WORK REQUEST.
Reproduce the whole listing exactly and let no picture into the copy.

DATA BLOCK.
::::::

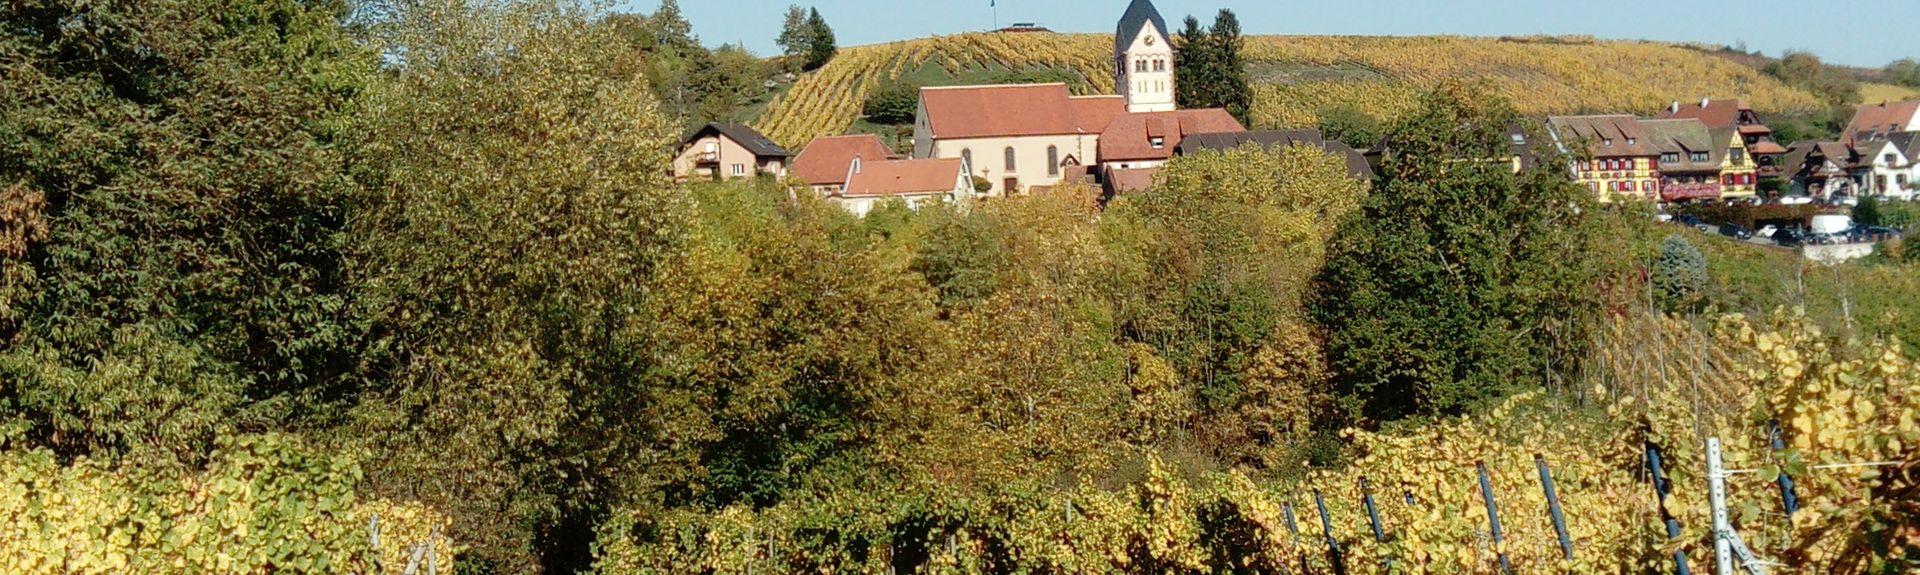 Neubois, Departamento del Bajo Rin, Francia
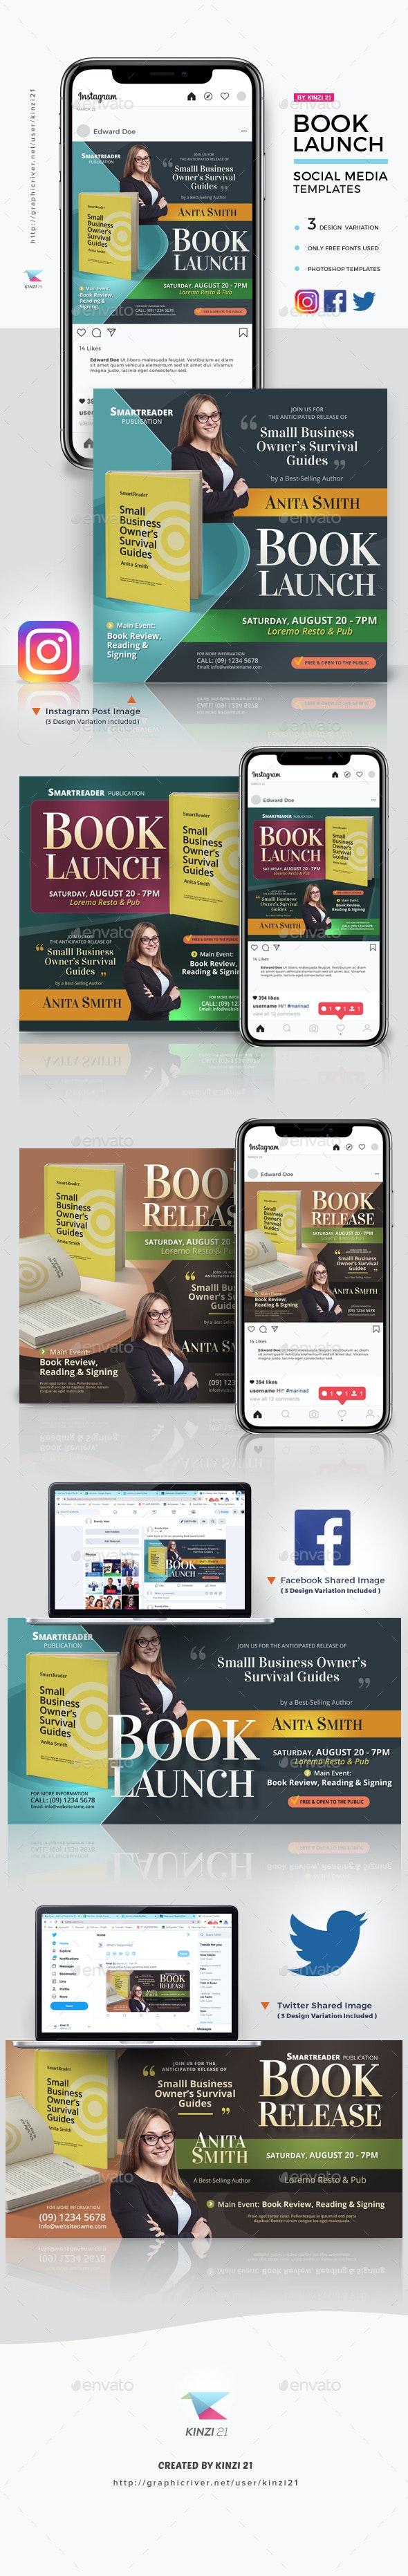 Book Launch Social Media Template Pack - Social Media Web Elements
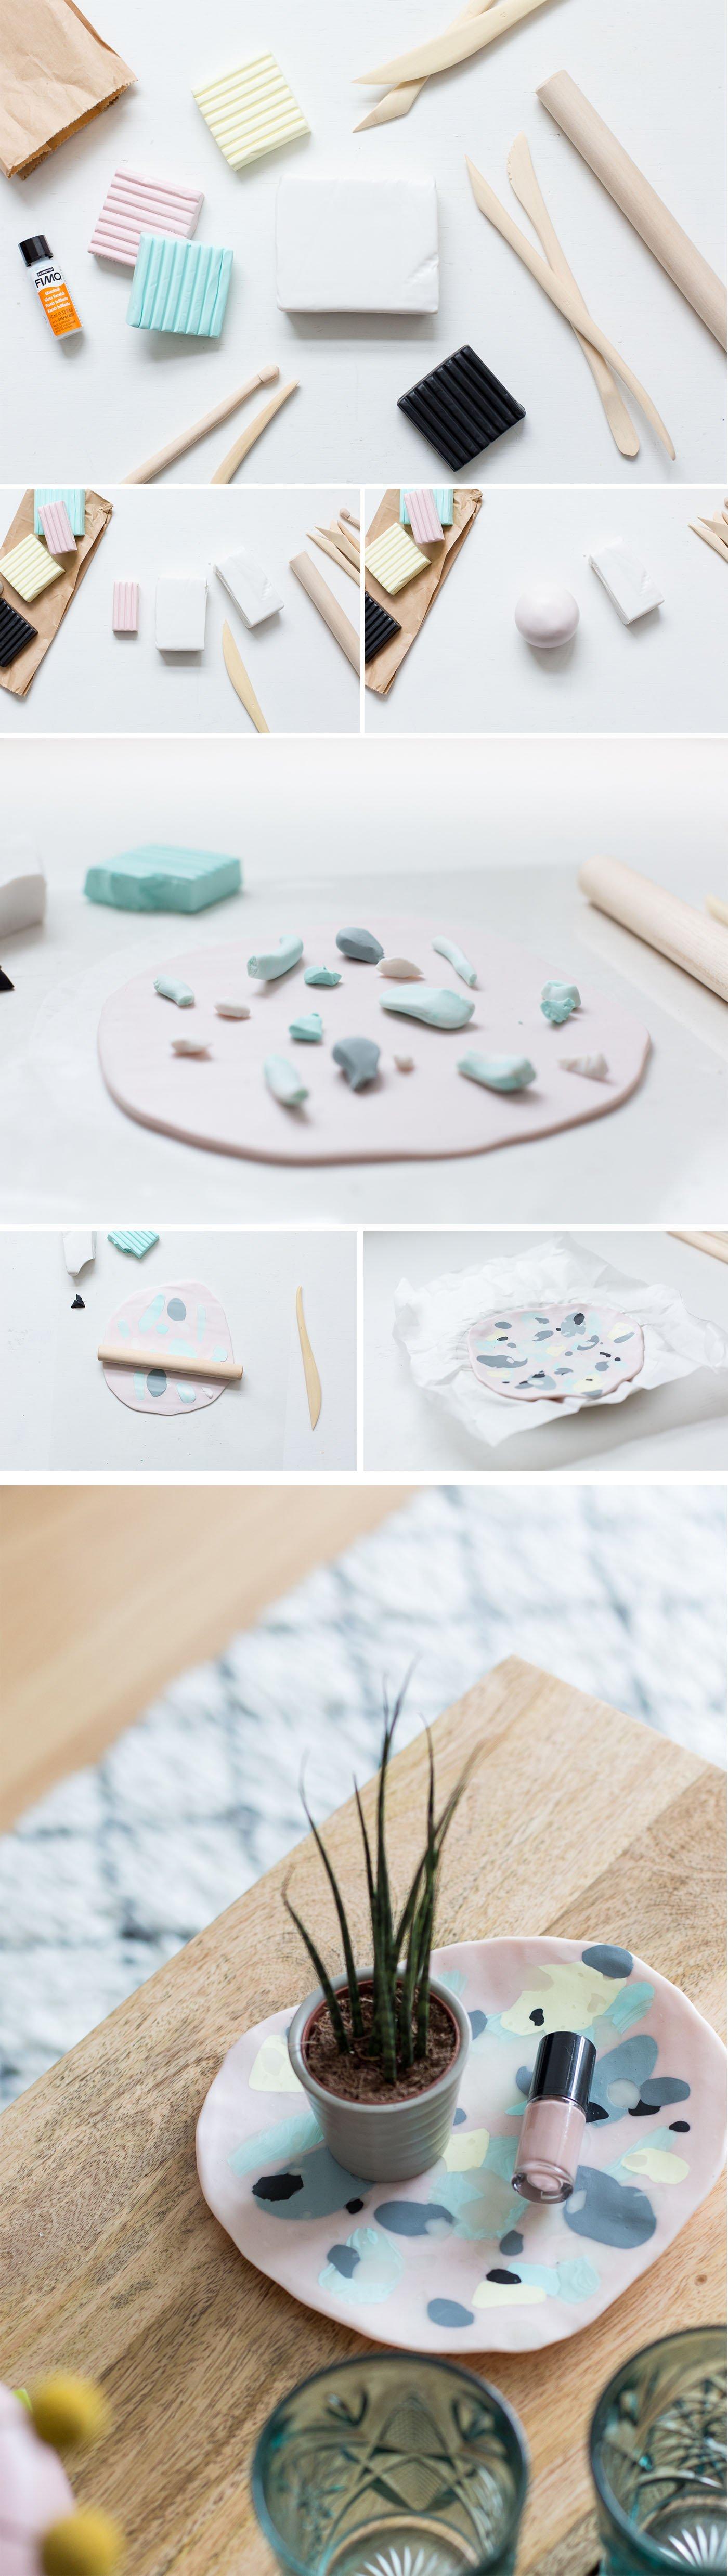 DIY Polymer Clay Coffee Table Plate

::::::

EXPECTED ANSWER.
 Neubois, Departamento del Bajo Rin, Francia
 Book Launch Social Media Template Pack - Social Media Web Elements
 DIY Polymer Clay Coffee Table Plate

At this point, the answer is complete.